Solved – MAD in relation to 95% confidence

madstandard deviation

MAD (Median Absolute Deviation) is:

$\text{MAD} = M_i(|x_i-M_j(x_j)|)$

where $M()$ is the median operator ($M_i(x_i) = \text{median}(x_1,…,x_n)$).

I'd like to scale the MAD in such a way as to include (say) 95% of a distribution around the median, the way that that 95% of a normal distribution is within $1.96\sigma$ of the mean.

That is, if $m = M_i(x_i)$ and $d = \text{MAD}_i(x_i)$, make an interval like $m \pm b\cdot d$ (where $b$ depends on the distribution you are dealing with) that includes 95% of the distribution.

Can this be done?

Best Answer

I know the original post is over a year old, but I would like some more information on this topic. I currently run a proficiency program for manure testing and soil testing laboratories. A colleague, who knows much more about statistics than I do, suggested the following to get a 95% confidence interval using the MAD and median.

  1. Calculate the median and MAD values.
  2. Remove results exceeding plus or minus 4.0 MAD units from the median as outliers.
  3. Recalculate the median and MAD values on the reduced data set.
  4. Results exceeding plus or minus 2.9 MAD units from the second median are outside the 95% confidence interval.

There is one other kicker.
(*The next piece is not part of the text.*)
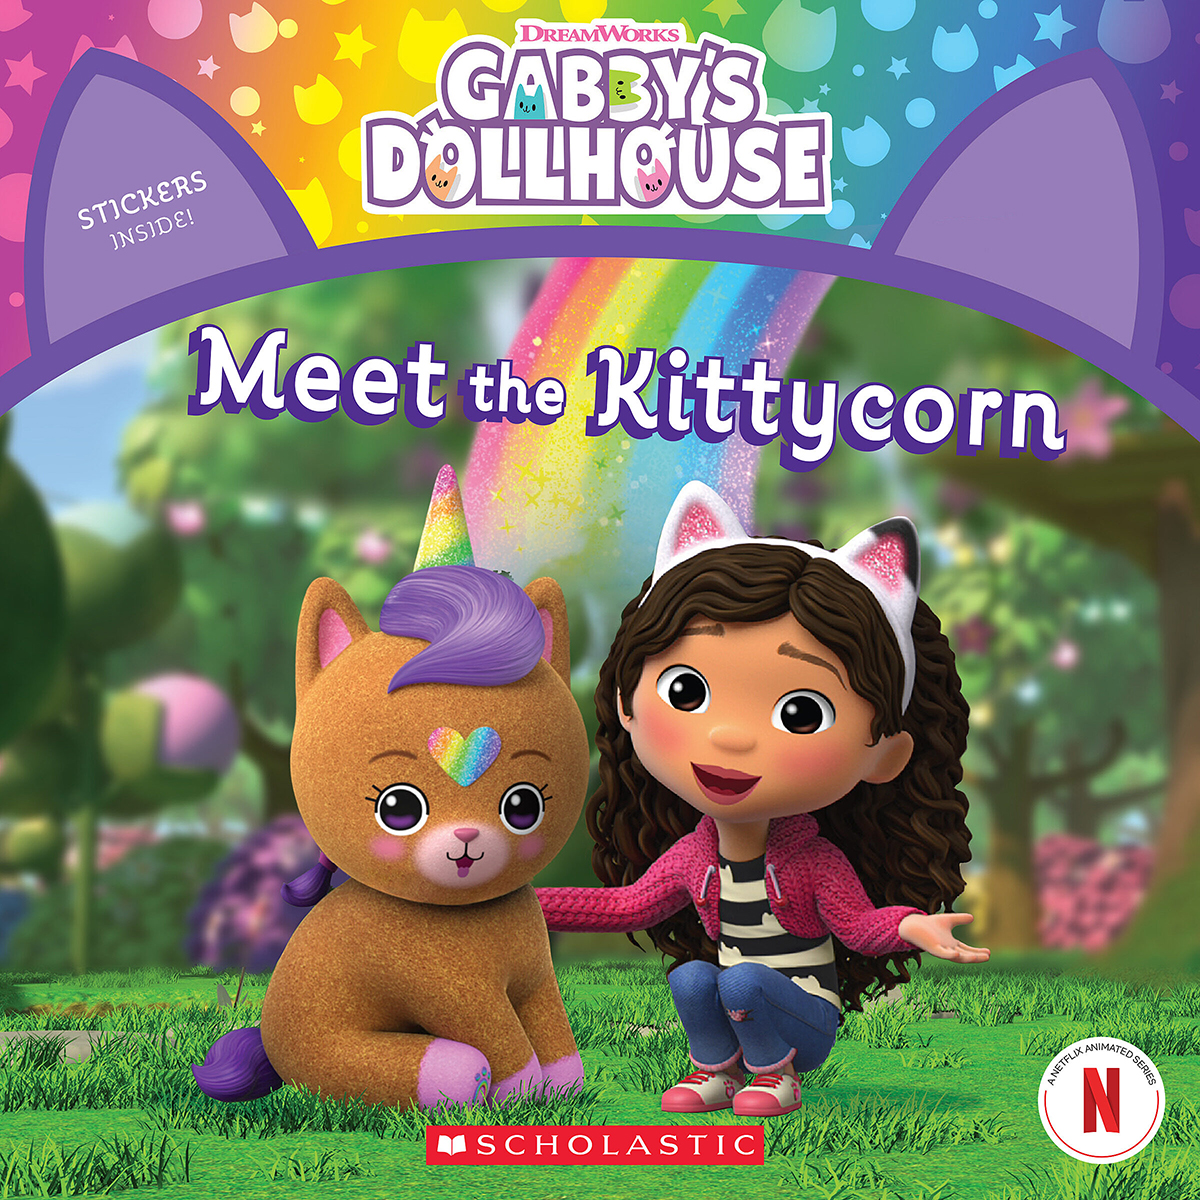  Gabby's Dollhouse Meet the Kittycorn

I use the statistical program R. When calculating MAD I use the following:

mad(x, constant = 1)

The default in R is: constant = 1.4826.

Typically, we have from 140 to 200 datapoints for each analysis. Often, the results are right skewed, occasionally left skewed, and rarely normally distributed. After removing the 4.0 MAD outliers, we have a much more normally distributed histogram. I suspect at that point we might be able to use mean and SD to calculate the confidence interval.

For a number of years, we just ran the data one time. Labs were flagged for accuracy if their results deviated by more than 2.5 MAD units from the median. I have compared both methods, and usually 2.5 MAD units from the median (just one calculation) is quite close to the two-step method using 2.9 MAD units from the median after removing the 4.0 outliers.

I hope this method gives us a 95% confidence interval. But, if anyone has a better suggestion, I'd like to hear it.